I made a show of chewing the remaining cereal, and swallowed loudly. “What’d I do?”

She rolled her eyes, “Where were you? Your father and I were worried sick—”

“You were not. Come on, mom, I was just out—”

“Drinking, yes I know! Making an ass of yourself, no doubt, as well.”

My spoon hung in mid-air. I couldn’t move. My head started to shake a bit. I’d never heard her cuss at me before.

I started to lower the spoon back to the bowl, but my eyes never left hers. After a few seconds, she exhaled loudly again, and stormed out of the kitchen. I heard her heavy steps on the stairs. I had just managed to get my neck relaxed when I heard the paper rustle, and my father came into the kitchen. He looked at me for a second, then asked “Any more of that left?”

I nodded. He went to the same cupboards. Without saying anything, he poured the milk and got a spoon. When he sat down next to me, I saw he’d fixed almost the same exact amount. He took a spoonful, and chewed for a second. I did the same.

“So,” he asked, without looking up, “who was she?”

“That’s not what happened,” I said, looking over at him, “I ran into an old friend from school. He was having a rough night and got himself too drunk to drive home. I took care of him. Crashed at his place.”

He looked up at me, nodded to himself, then began eating, again. I finished my bowl, and leaned back in the chair. Outside, through the blinds, the sun was going from yellow gold to pale white. “You smell bad,” he said. I smiled, and got up from the table.

The hot water streamed down over me, and I tried not to think about how much it felt like fingers. I tried not to think about whose fingers it seemed like. Every time it happened, though, it was either Susan or—or him—just behind my eyes. I didn’t want to think his name. Every time I didn’t think about his name, though, my body responded.
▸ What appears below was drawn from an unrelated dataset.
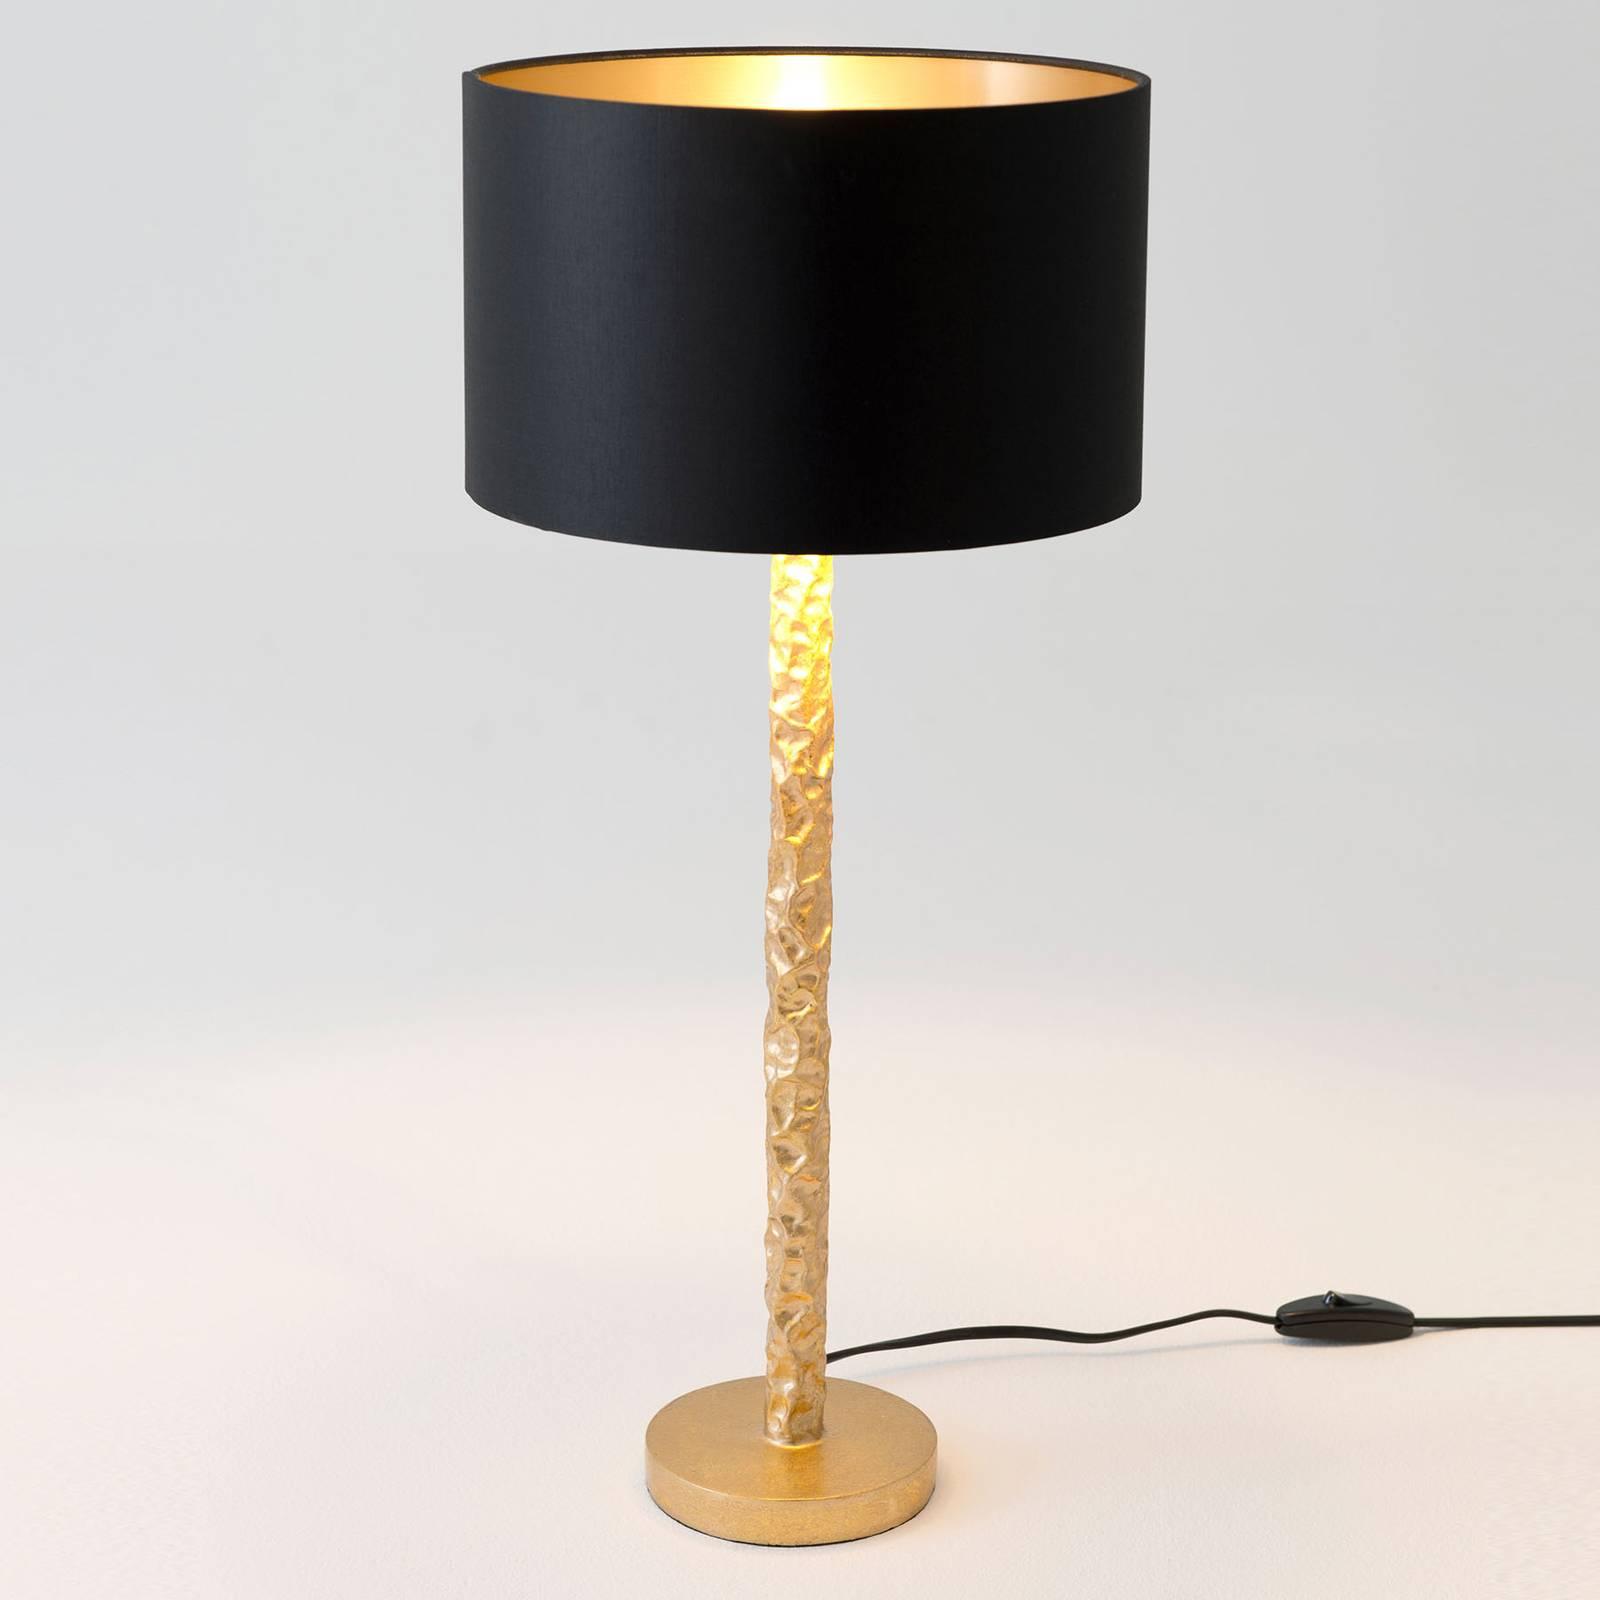 Pöytävalaisin Cancelliere Rotonda musta/kulta 57cm

I was thinking about doing something about it when someone knocked on the bathroom door. I tried to cover myself with my hands, and thought, Christ, I am twelve all over again! “Yes?” I asked.
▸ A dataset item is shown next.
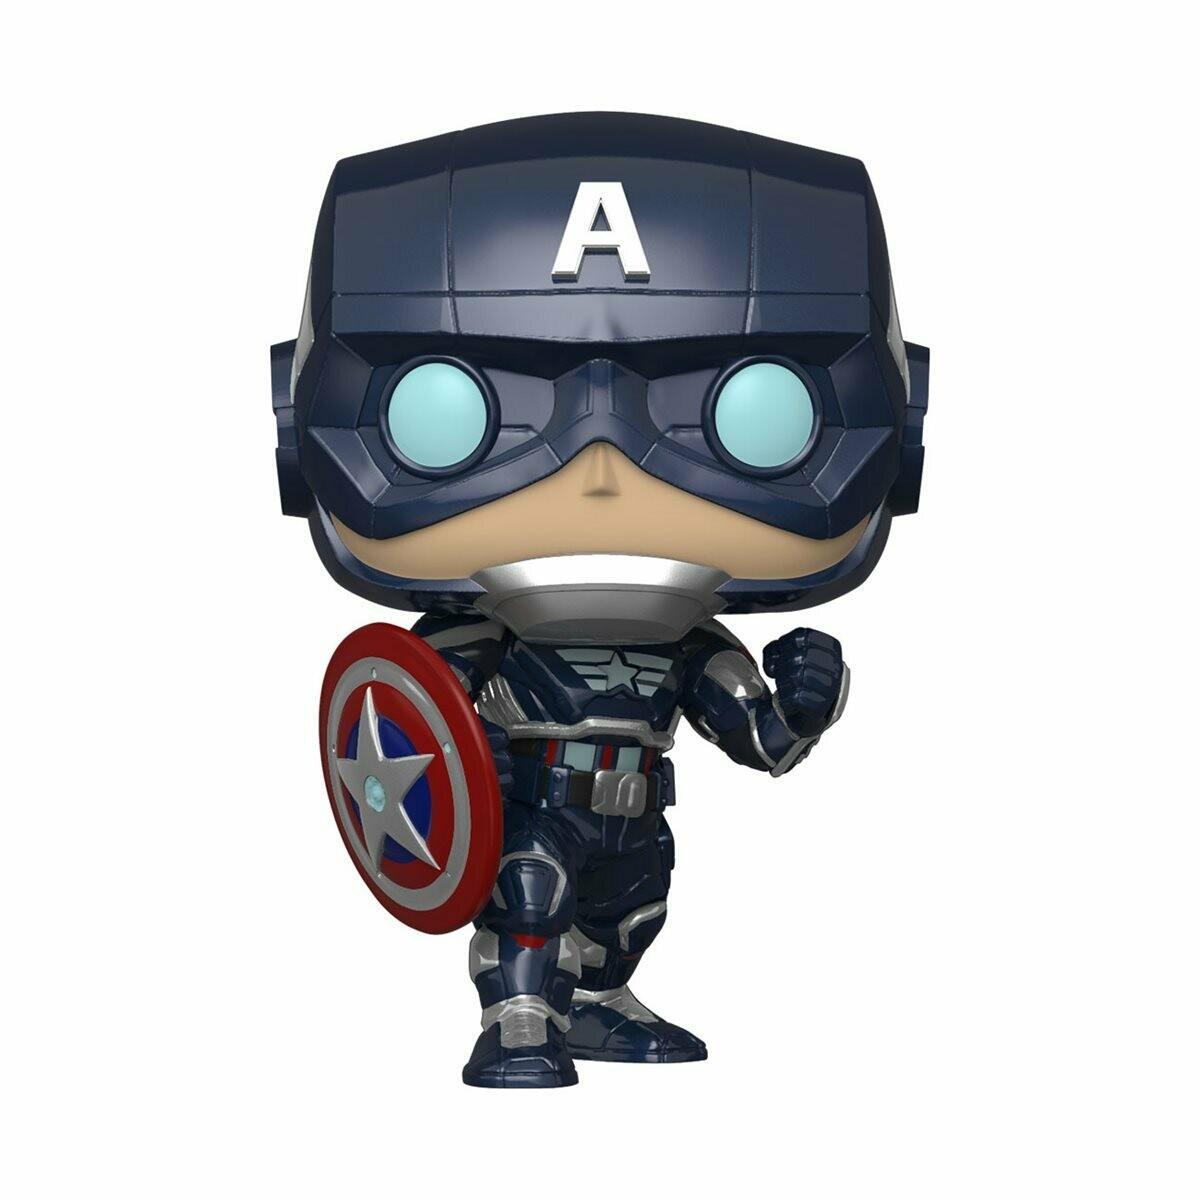 Funko Marvel's Avengers Game Captain America Pop! Vinyl Figure

“Don’t forget, dear, you said you would go to the Sheriff’s office to take care of the paperwork from our little accident,” my mother said.

I didn’t remember agreeing to do that, but I said “Okay,” just to get her away from the door. I thought back to every time she’d ever come bursting in on me while I was showering or doing something else that I didn’t want to be disturbed while doing. My cheeks got hot. In a house with two sisters and a mother who didn’t believe in door locks, I learned to hide things. The second therapist had talked extensively about that. “Boundaries,” he’d said, “Michael, they’ve left you with no boundaries.” He’d been right, of course, but at the time it felt like he was attacking my family. I’d been twenty-two, what the hell did I know? I paid for that session and never went back.

I didn’t want to shut off the warm water, but I did anyway. The cold air filtered in so fast, my jaw tensed. I toweled off and slid into my jeans. At the mirror, I started to shave, but stopped. I looked at my face. Something in it was clearer than it had been yesterday.